What’s with the bow tie, Eric?
Signature neckwear for candidate stems from a father-daughter Christmas story
A decade ago then 15-year-old Caitlyn Van Lancker of Clinton grew weary of what had become a predictable Christmas gift for her father — the traditional shirt and tie.
Yeah, boring, right!
So Caitlyn summoned more inventiveness on the shopping excursions for her father in 2012 and landed on a Christmas present that is now a signature sartorial feature for Eric Van Lancker, the Democratic candidate for lieutenant governor in Iowa.
“I was finally like, we’ve got to get more creative than this,” Caitlyn, now 25 and working in Clinton, said. “At Kohl’s we saw the bow-tie rack and there were three or four of them hanging there. I was like that’s what we are doing this year.”
Now, when people see Eric Van Lancker in public, he’s generally sporting a bow tie. It went from lark to brand, notes Caitlyn, rather proudly.
Van Lancker, a four-term Clinton County auditor, who is running with Democratic gubernatorial candidate Deidre DeJear, says he has about 70 bow ties in a growing collection.
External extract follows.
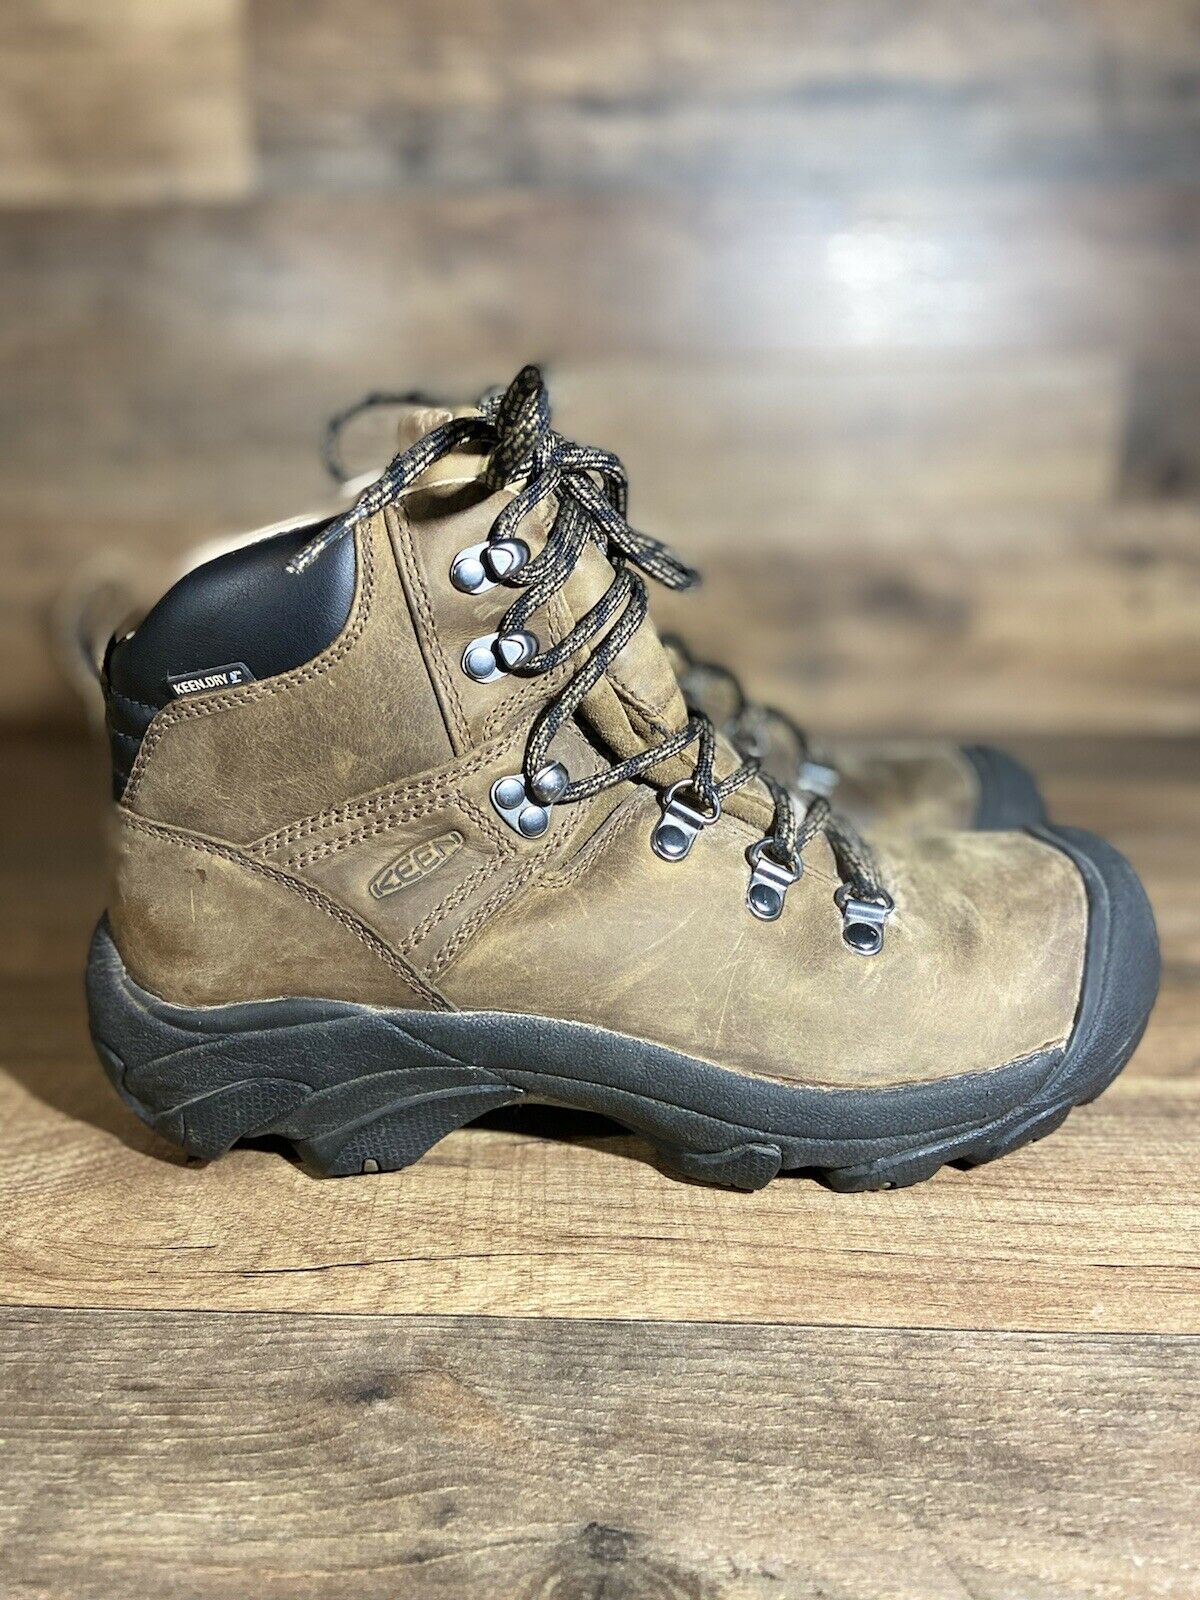 Keen Pyrenees Hiking Boots Women's Size 9 US Bison Brown 39.5 Eu Keen Dry
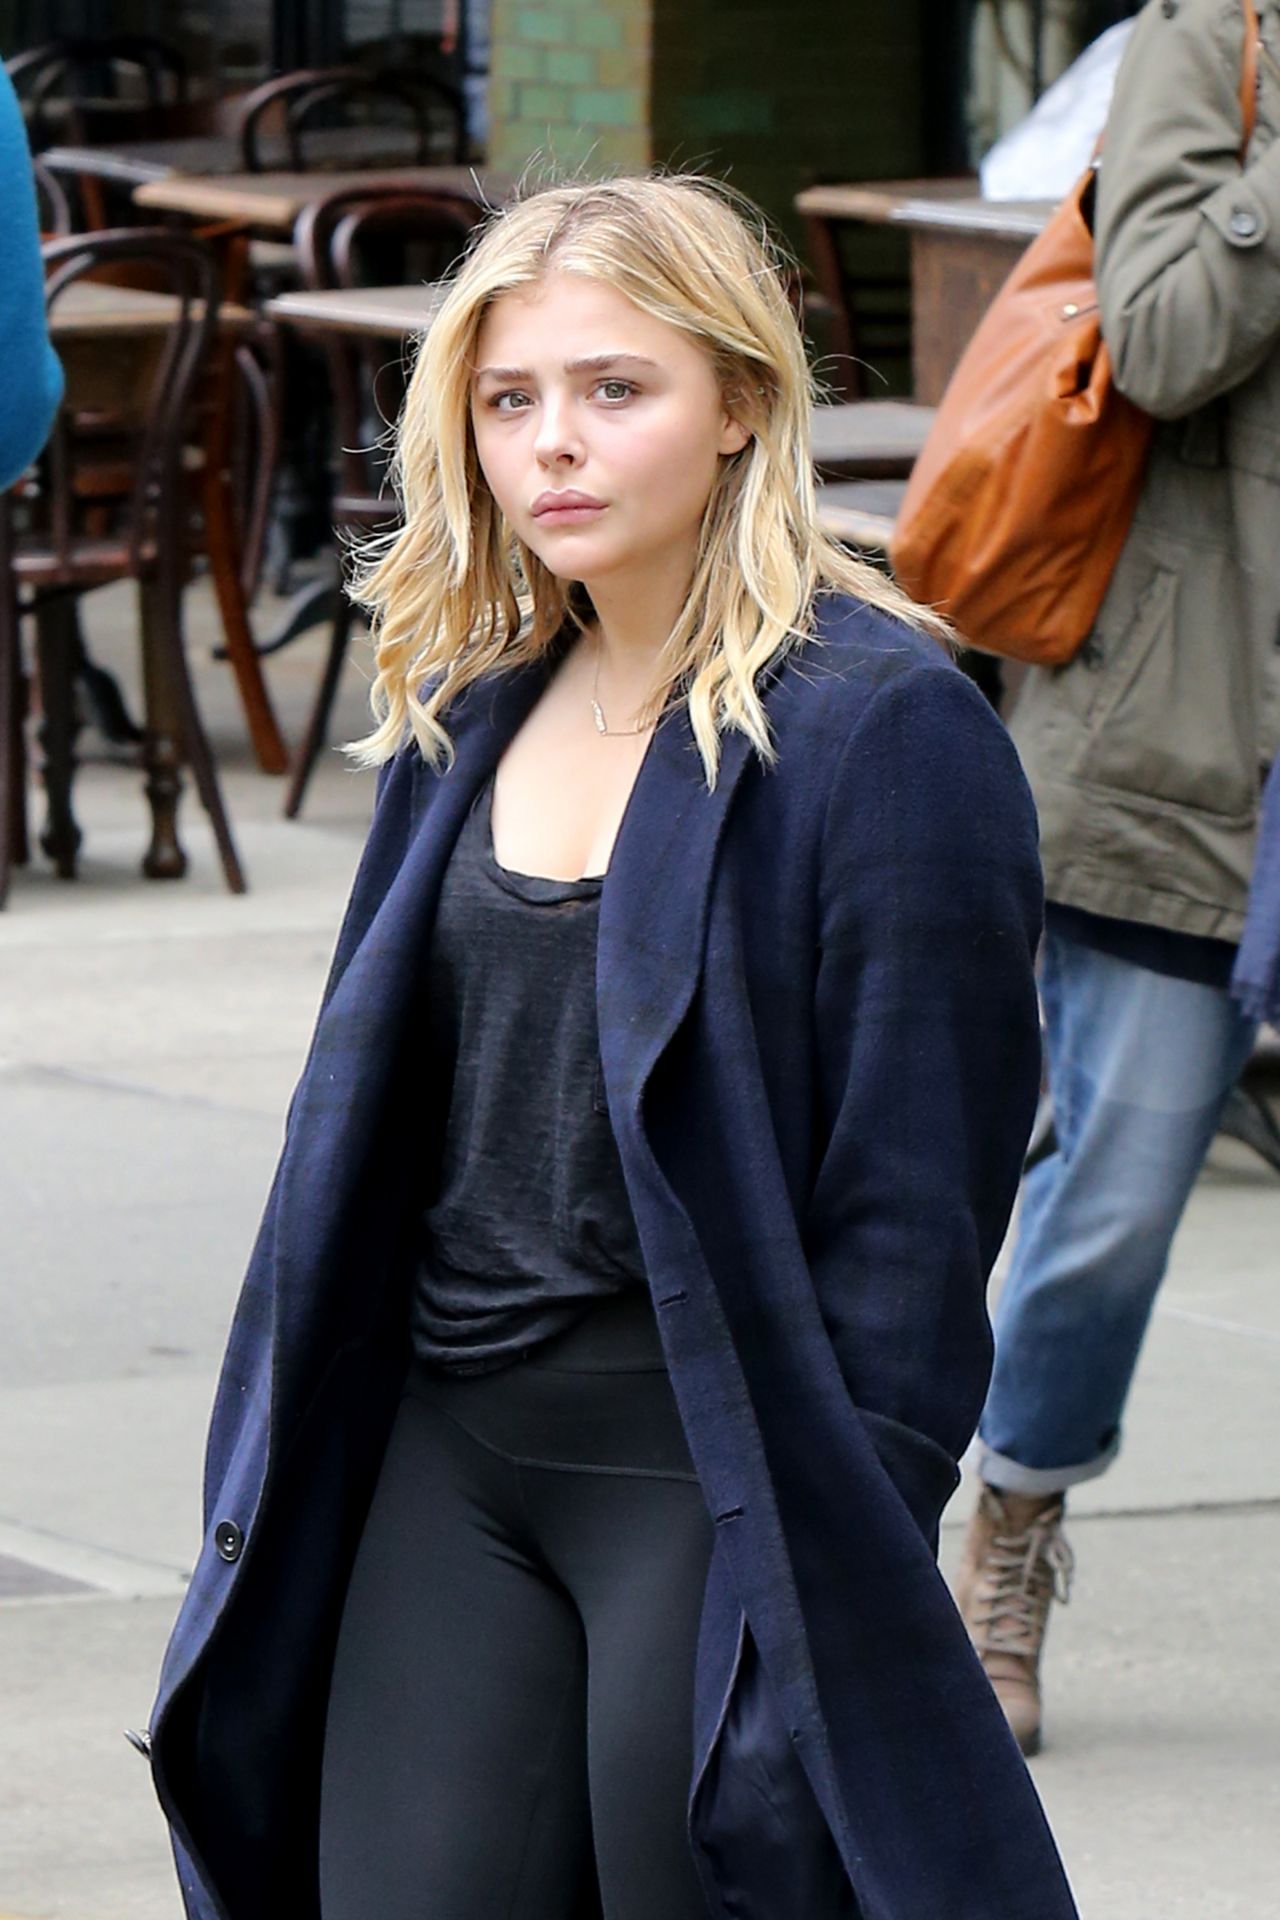 CHLOE MORETZ at The Coach Fashion Show in New York 09//15

His daughter is always scouting for new ones, and friends and acquaintances often send the ties.
“It’s a thing in our relationship where we show each other something new and we always both go head first into whatever it is,” Caitlyn said. “I guess the bow tie is just the most physical thing you can see, kind of a symbol between the two of us.”
“It’s like our unique bond, something we both have interest in and we share in and I get a chance to display that,” Eric said.
Van Lancker, 53, and his wife, Tanya, also have a son: Jackson, 21, a paramedic in Cedar Rapids.
That first bow tie around the Christmas tree in the Van Lancker home was a purple paisley one.
“I have pretty much every color, every pattern,” Van Lancker said.
He has one adorned with zombies for Halloween and one with Christmas wreaths for December.
“I think it just kind of wound up fitting in to the way I just like to dress as nice as I can,” he said. “What I enjoy about it is you don’t see bow ties very often so people will say, ‘Oh nice bow tie,’ and I might start up another conversation with someone with whom I normally wouldn’t have talked. So I have really enjoyed that aspect of it.”
It’s to the point where if Van Lancker isn’t wearing a bow tie, the absence attracts disappointment, or at least attention.
“People will kind of yell back at me, ‘Hey, where’s the bow tie?” he said.
Van Lancker ties all the bow ties he wears he ties himself. No clip-on shortcuts here.
He owns many red, white and blue ties, and patriotic-themed ties, for walking in parades and other official functions.
His only issue with bow ties is that it’s often hard to loosen them.
How long does it take him to tie a bow tie?
With the help of YouTube, and then with the experience of the years, he can do that quickly now.
“Oh goodness, I’d say 30 seconds, depending on which bow tie it is because some of them are little tougher than others,” Van Lancker said. “Some of them are a little stiffer, a little tighter, because of the material.”